Experts Continue to Scale Back Annual Pap Smear


May 1, 2015 — Many women were raised on the mantra "Pap smear once a year."

But for women 21 years and older at average risk for cervical cancer, getting screened once every 3 years should be enough, according to advice from the American College of Physicians (ACP).

There is also a recommendation against screening women younger than 21 for cervical cancer. Also, doctors should not test for human papillomavirus (HPV) infections in women younger than 30, the group says.

The advice was released at the ACP’s internal medicine conference and published online in the Annals of Internal Medicine.

Do No Harm


Screening can lower the frequency, severity, and death rate from cervical cancer by spotting precancerous lesions, and it can catch the disease at early stages before symptoms appear. But there are also risks involved with testing and treatment, the authors of the new recommendations say.

Doctors also don’t always follow guidelines, the authors say. They begin screening too early and use it too often, even in women judged to be at low risk because of their age or because they’ve had a hysterectomy.

Average Risk


Although women under 21 commonly have unusual features in the cervix, these are rarely a sign of problems, the authors say. If screened, though, many of these women have procedures including biopsies, and some may be treated even if the unusual features are likely to go away on their own.

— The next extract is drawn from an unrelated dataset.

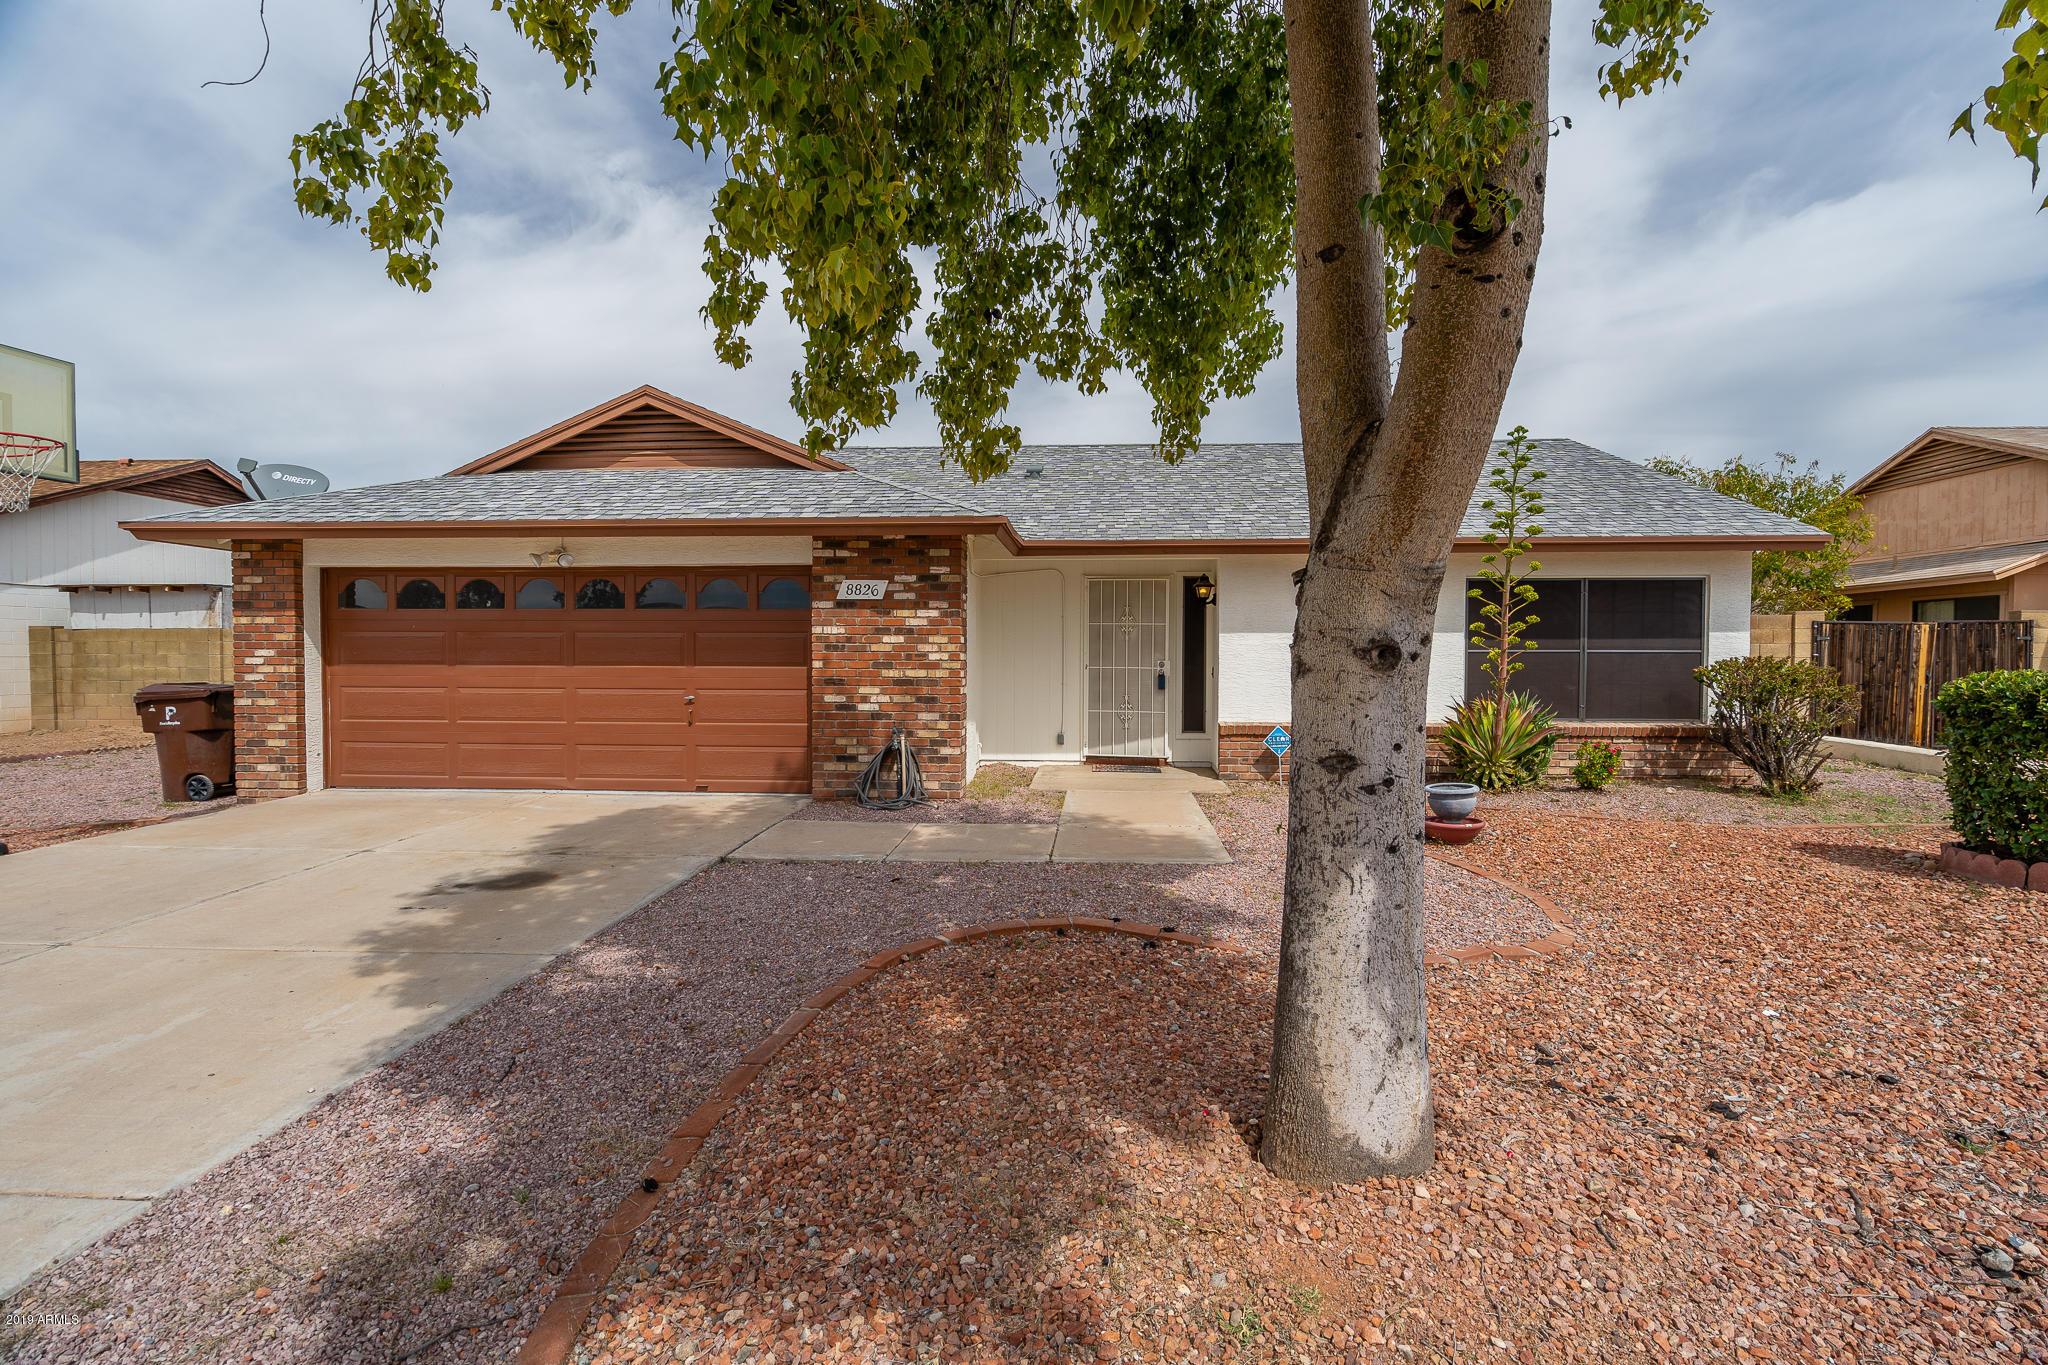 Photo of 8826 W DIANA Avenue, Peoria, AZ 85345
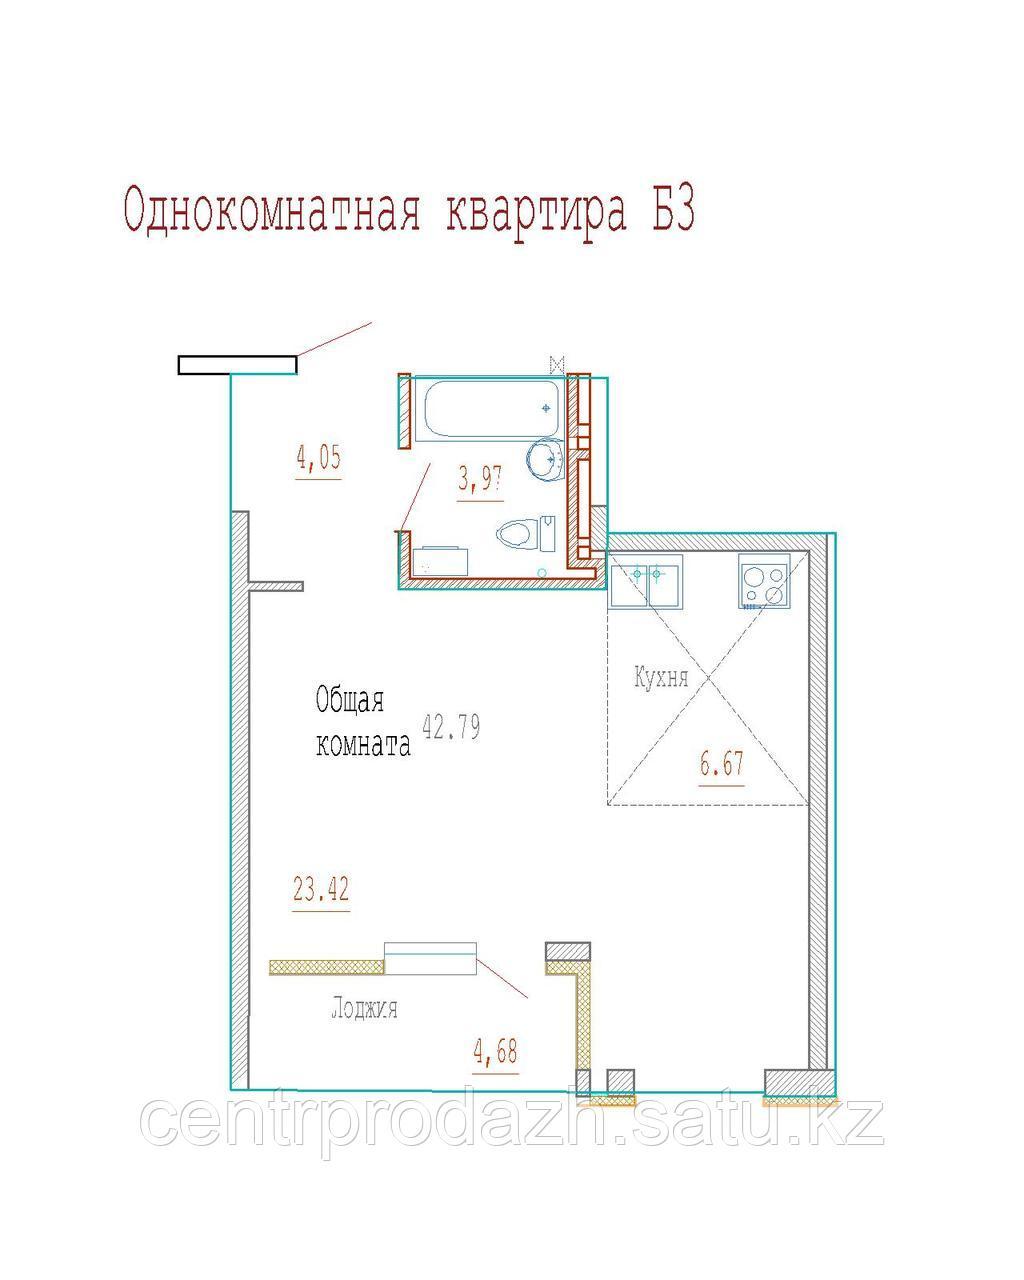 1 комнатная квартира в ЖК Кристалл 2 42 м²

Annual screening is no longer recommended because of the high rate of false-positive results -- when a Pap smear result is abnormal -- tied to frequent screening. There is a long lag time between the development of precancerous lesions and invasive cervical cancer -- about 10 years -- so less-frequent screening should still be able to spot the disease in time, the authors explain.

For average-risk women 30 years and older who would rather not get tested every 3 years, doctors can offer "cotesting" -- a combination of Pap smear and HPV testing -- once every 5 years, the authors say.

Women older than 65 who’ve had no abnormal Pap smears in the previous 5 years are unlikely to get cervical cancer. But they’re at higher risk than younger women of being subjected to unnecessary procedures on the basis of false-positive results, the authors say.